• BRIEF: A verbatim copy of the data is wanted, minus any picture in it.

• RECORDED INFORMATION:
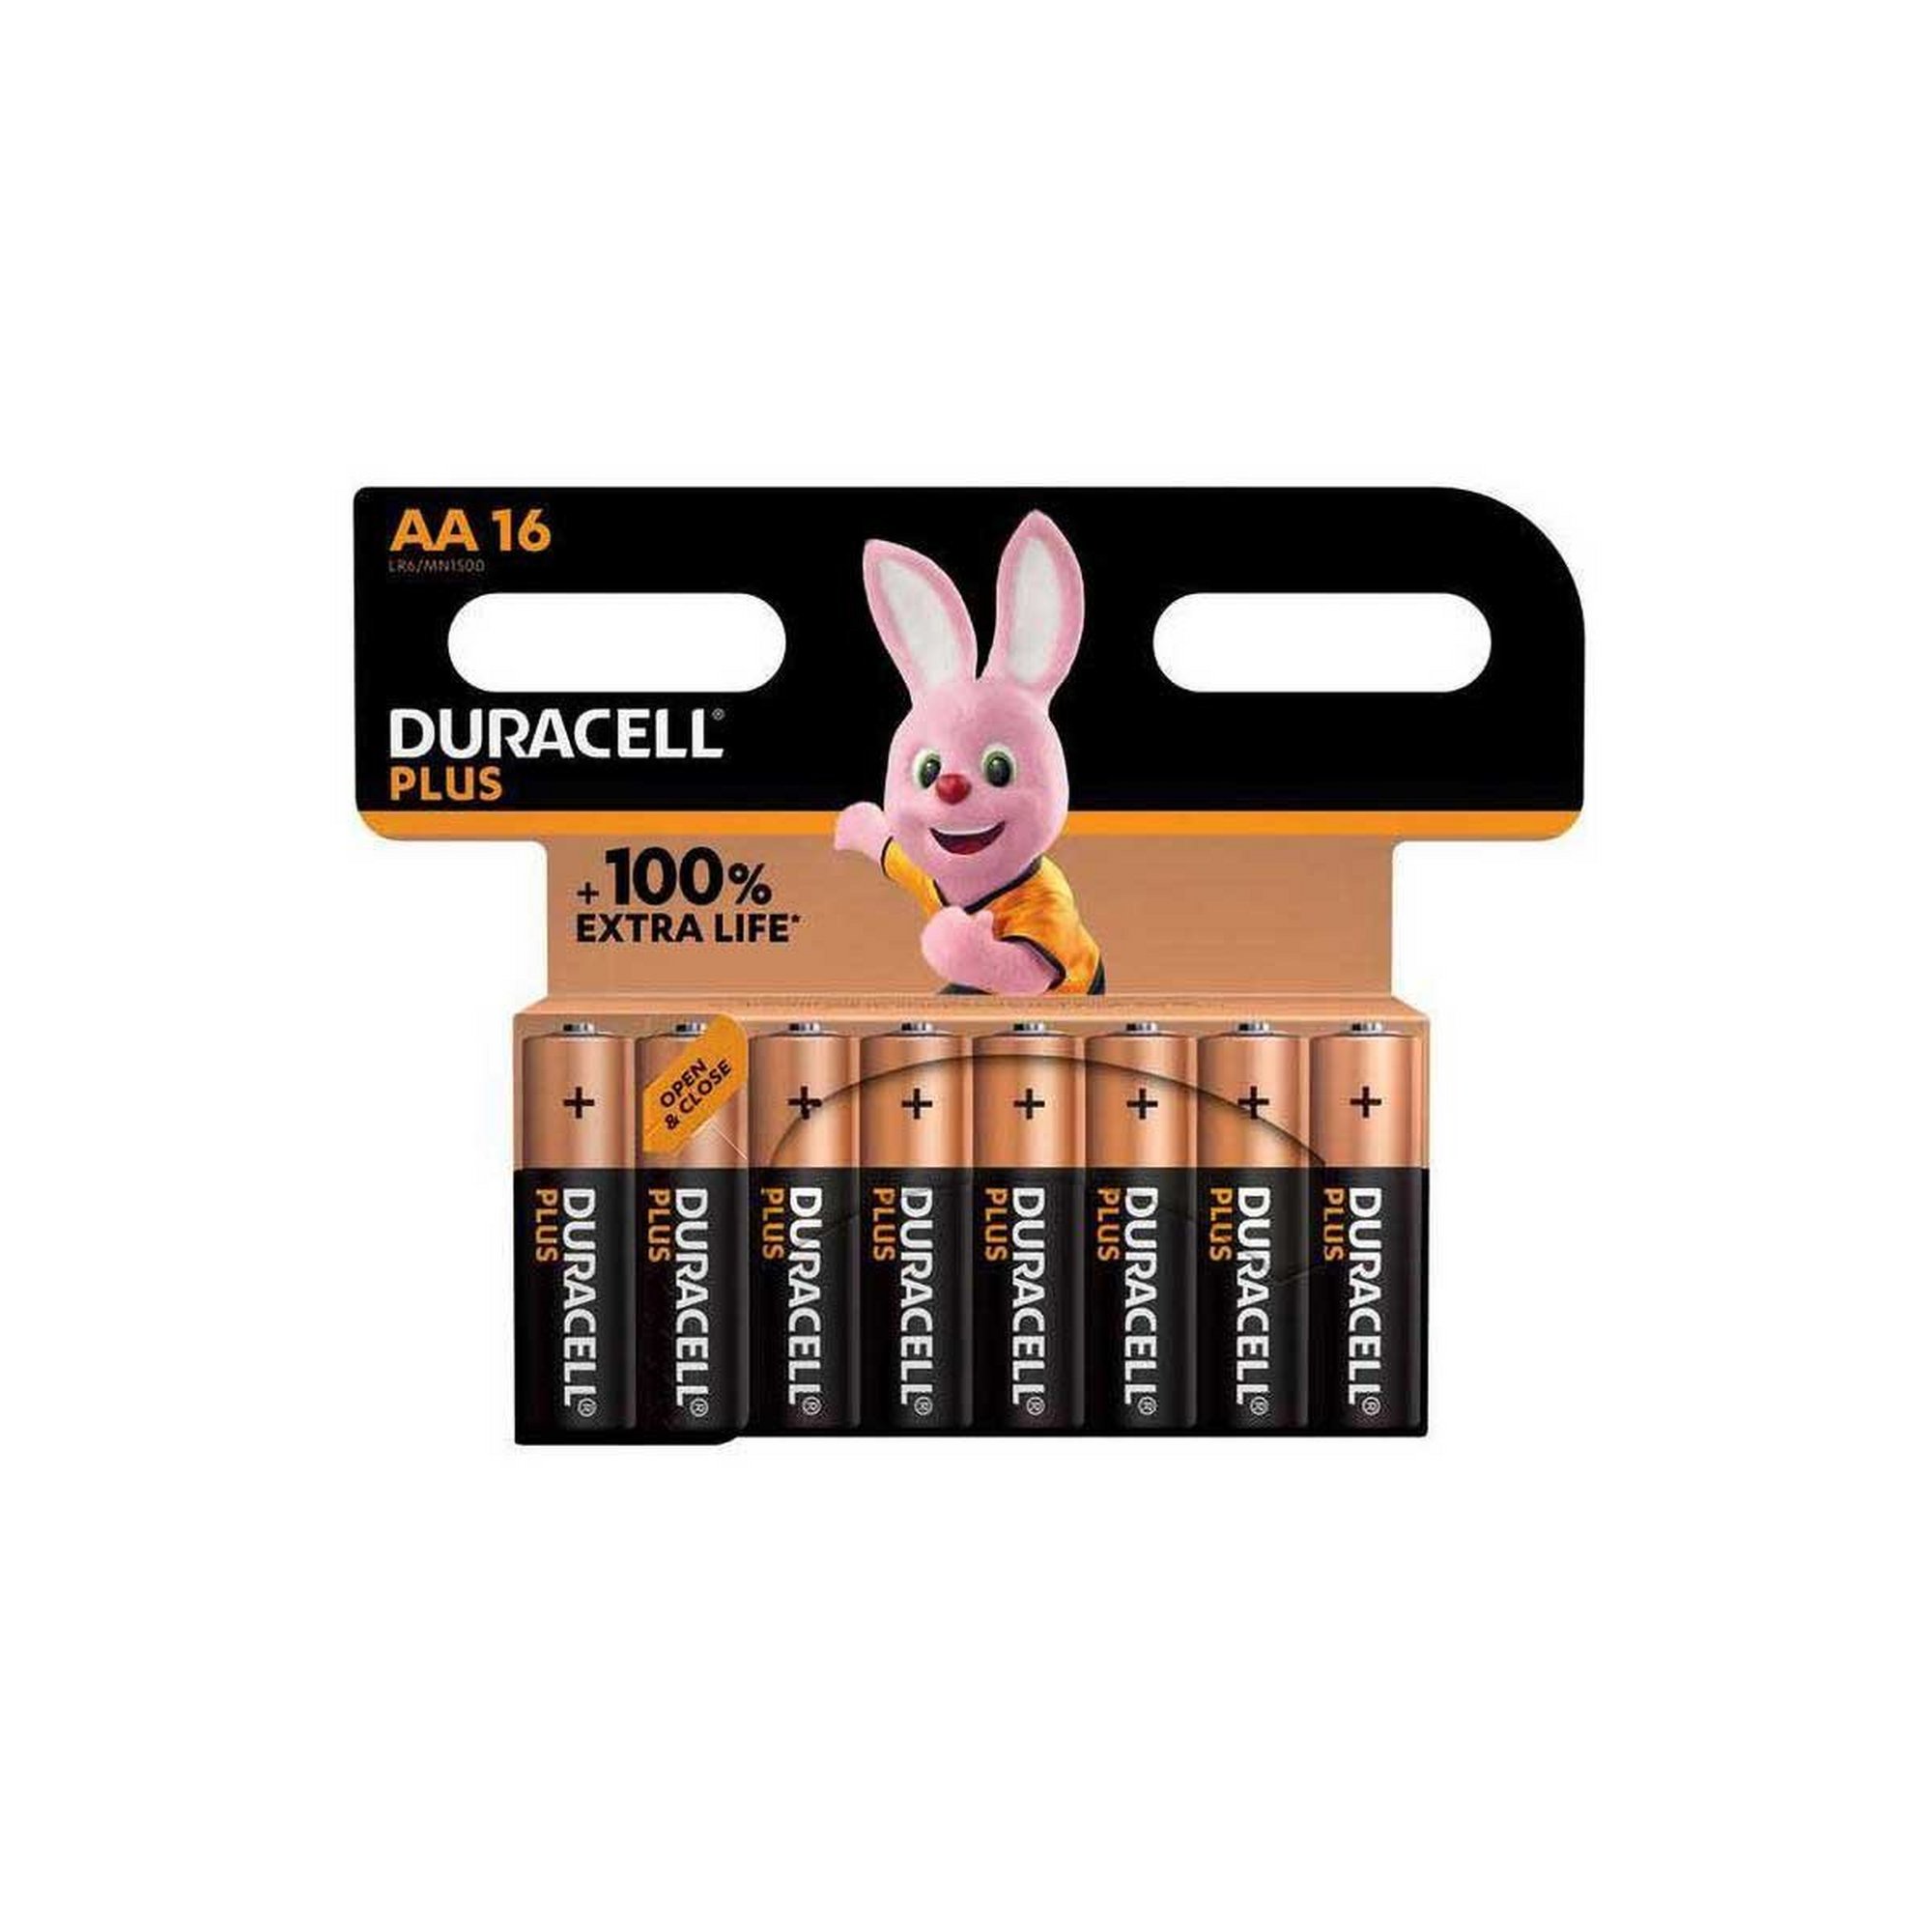 Duracell Plus AA Alkaline Batteries - Pack of 16
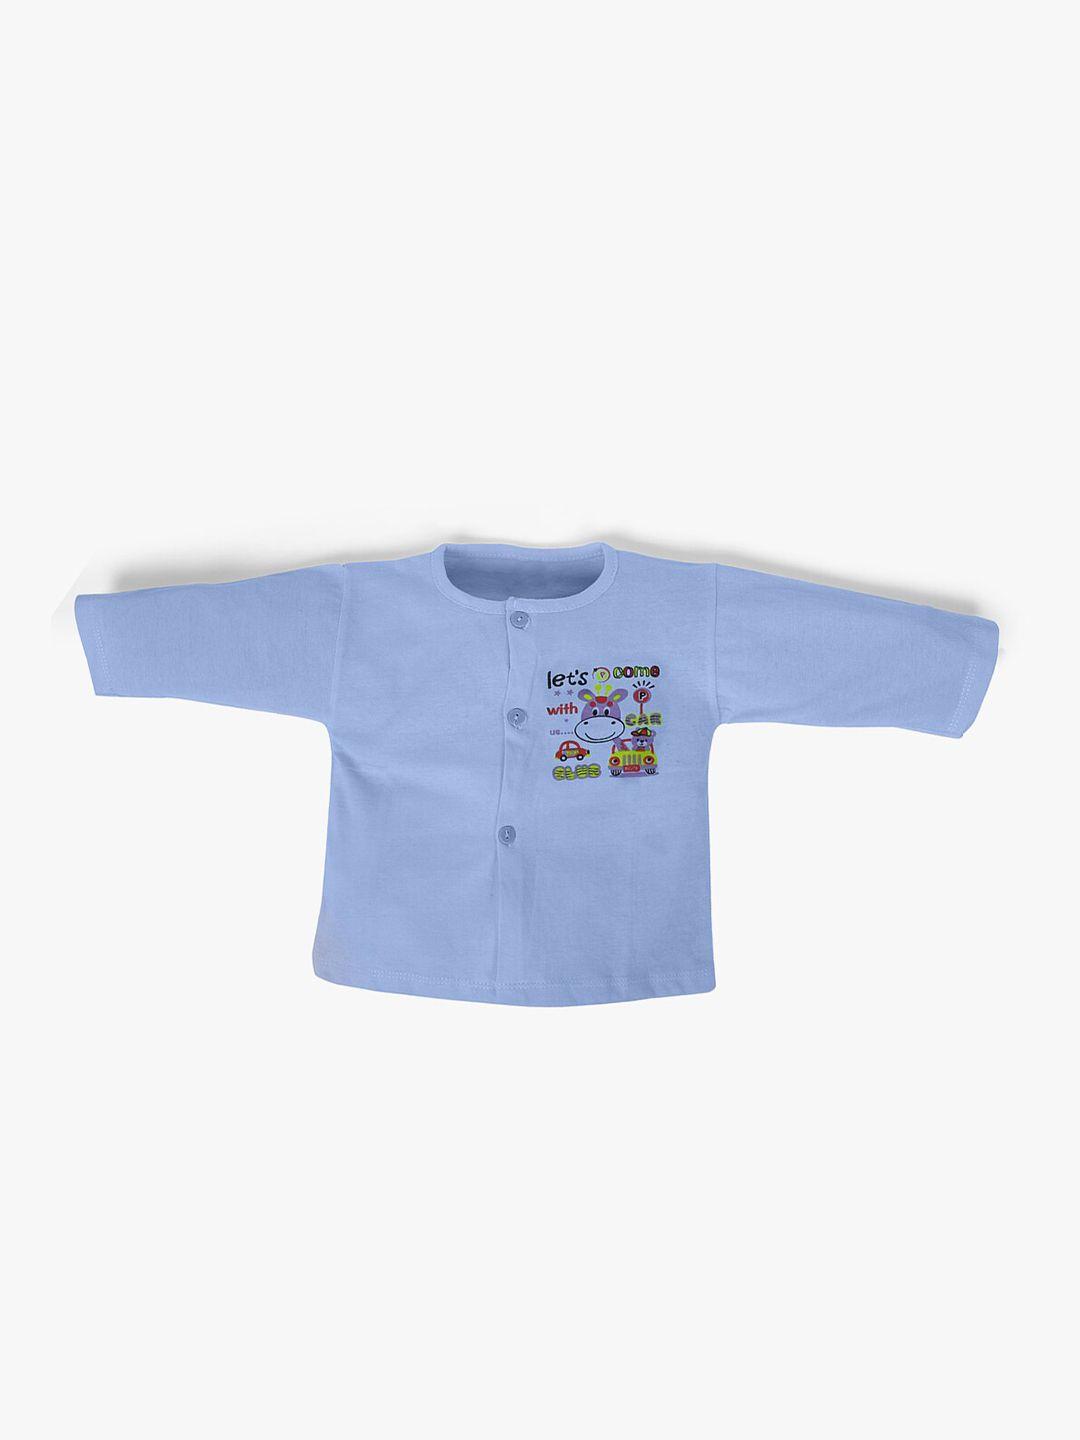 pokory unisex kids blue pure cotton printed t-shirt
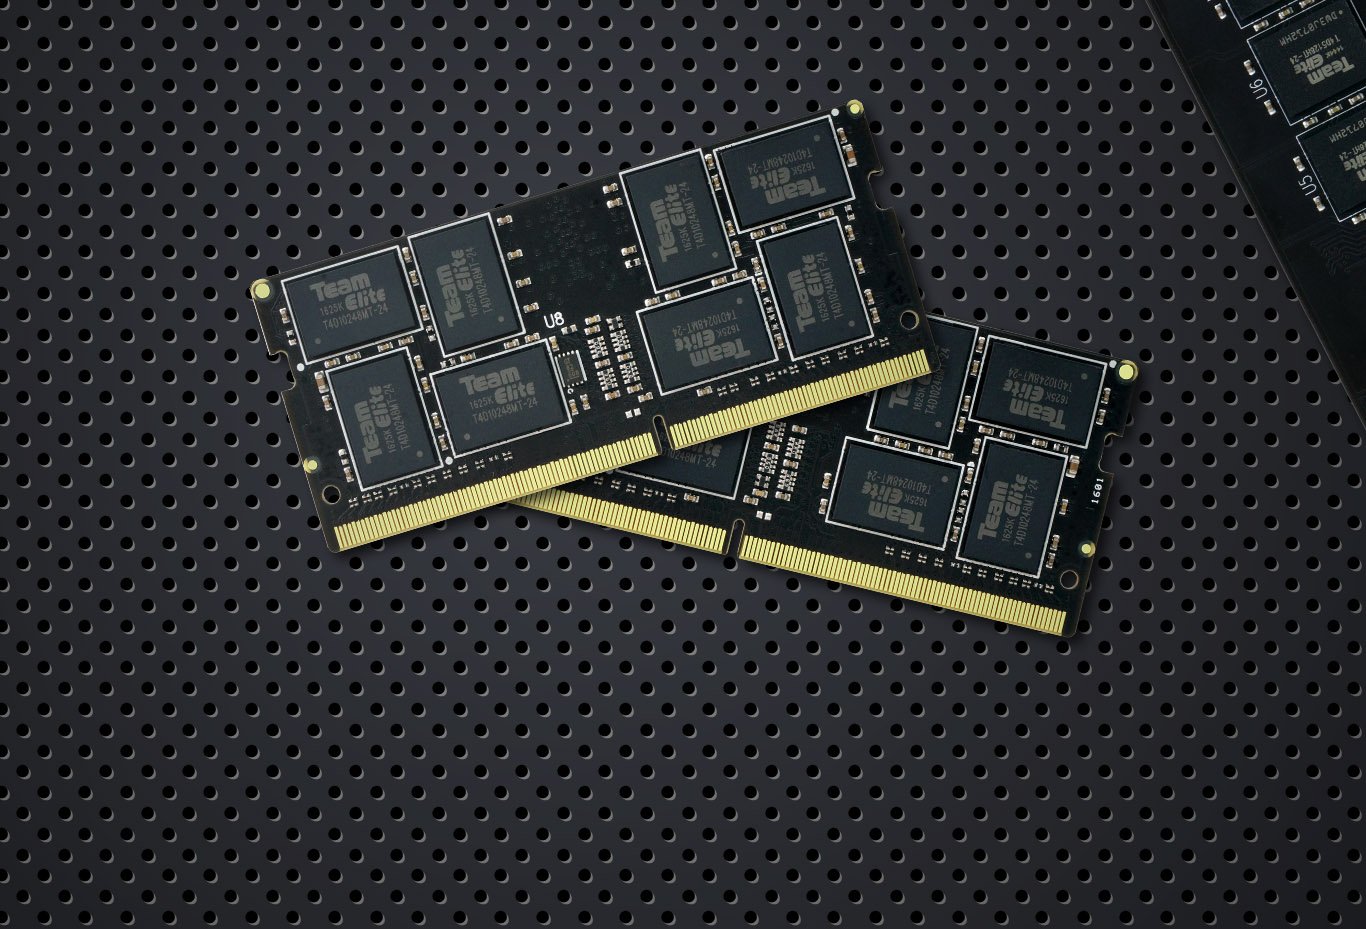 Team Elite 16GB (2 x 8GB) 260-Pin DDR4 SO-DIMM DDR4 3200 (PC4 25600) Laptop  Memory Model TED416G3200C22DC-S01 
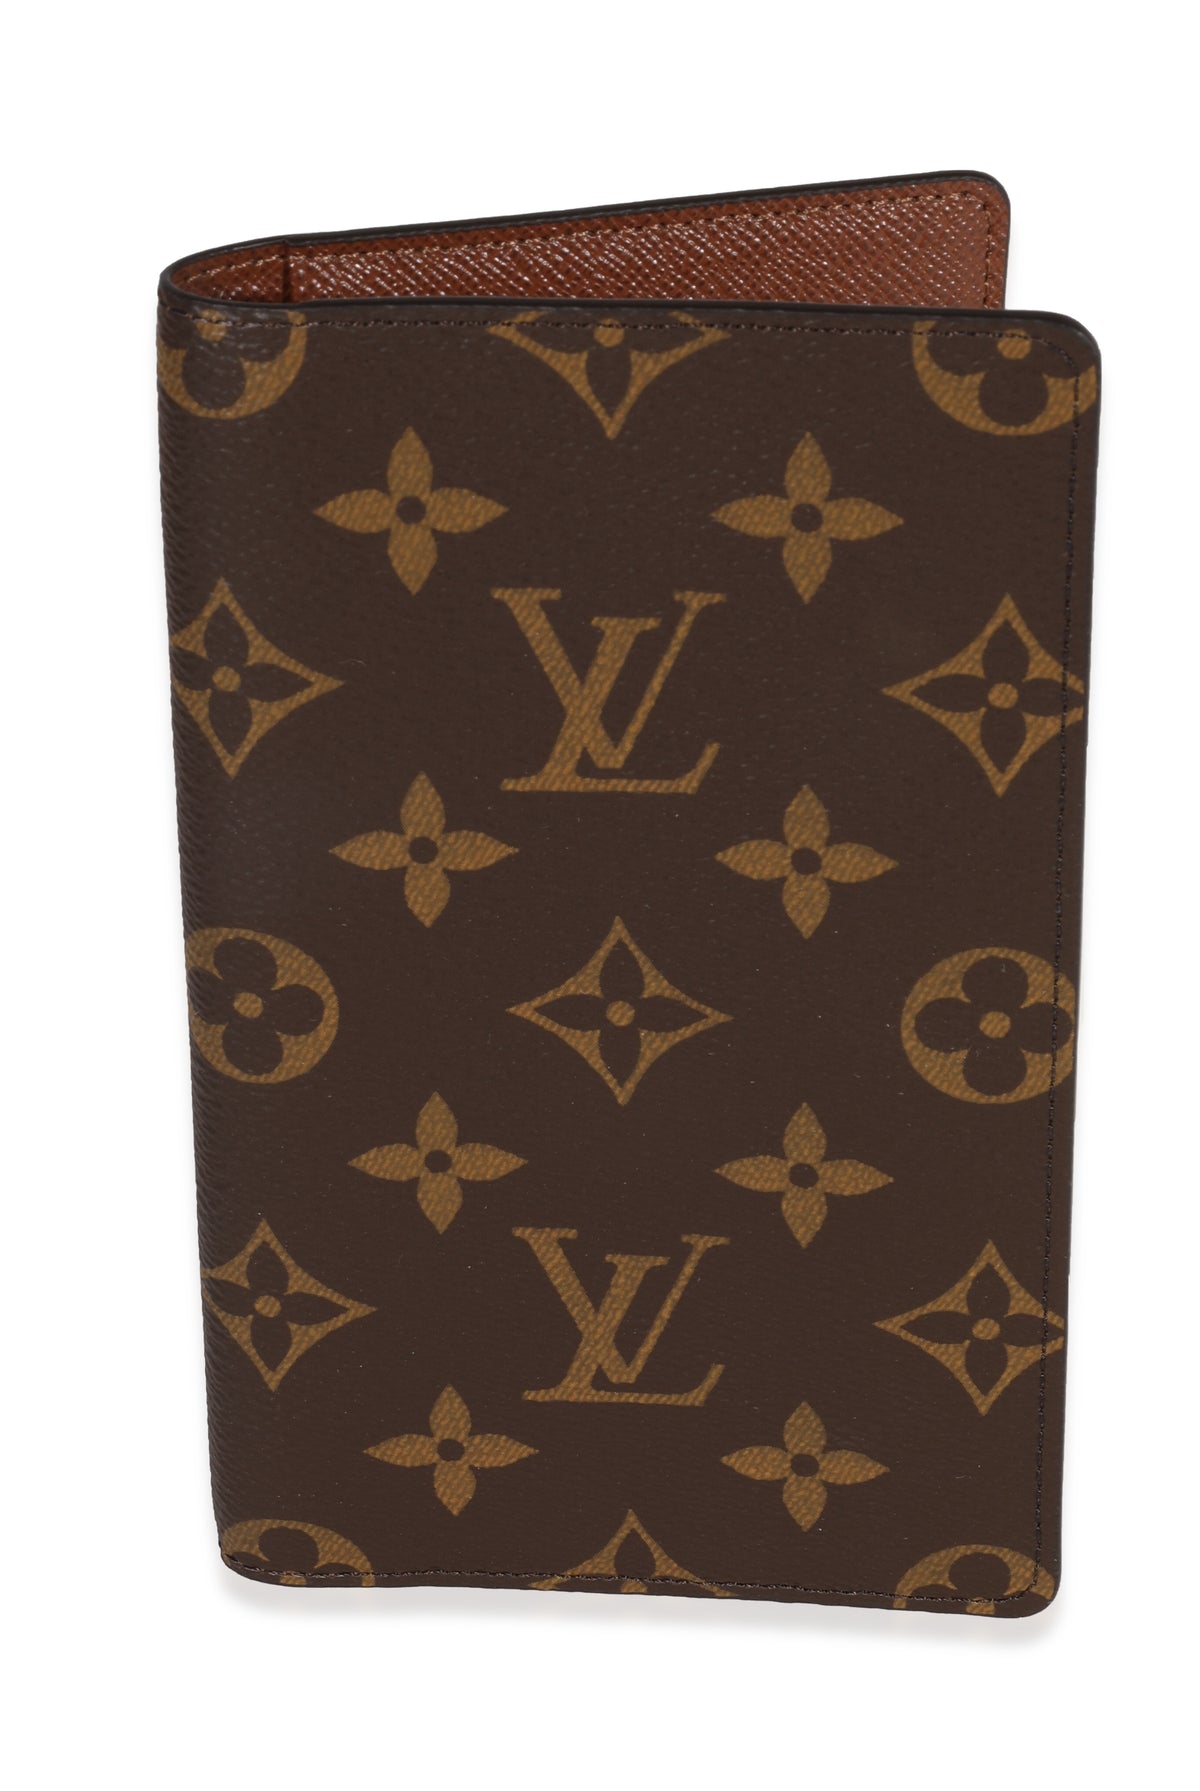 Louis Vuitton Pocket Agenda Cover in Monogram Canvas - SOLD

• THE COMPLETED TASK:
 Duracell Plus AA Alkaline Batteries - Pack of 16
 pokory unisex kids blue pure cotton printed t-shirt
 Team Elite 16GB (2 x 8GB) 260-Pin DDR4 SO-DIMM DDR4 3200 (PC4 25600) Laptop  Memory Model TED416G3200C22DC-S01 
 Louis Vuitton Pocket Agenda Cover in Monogram Canvas - SOLD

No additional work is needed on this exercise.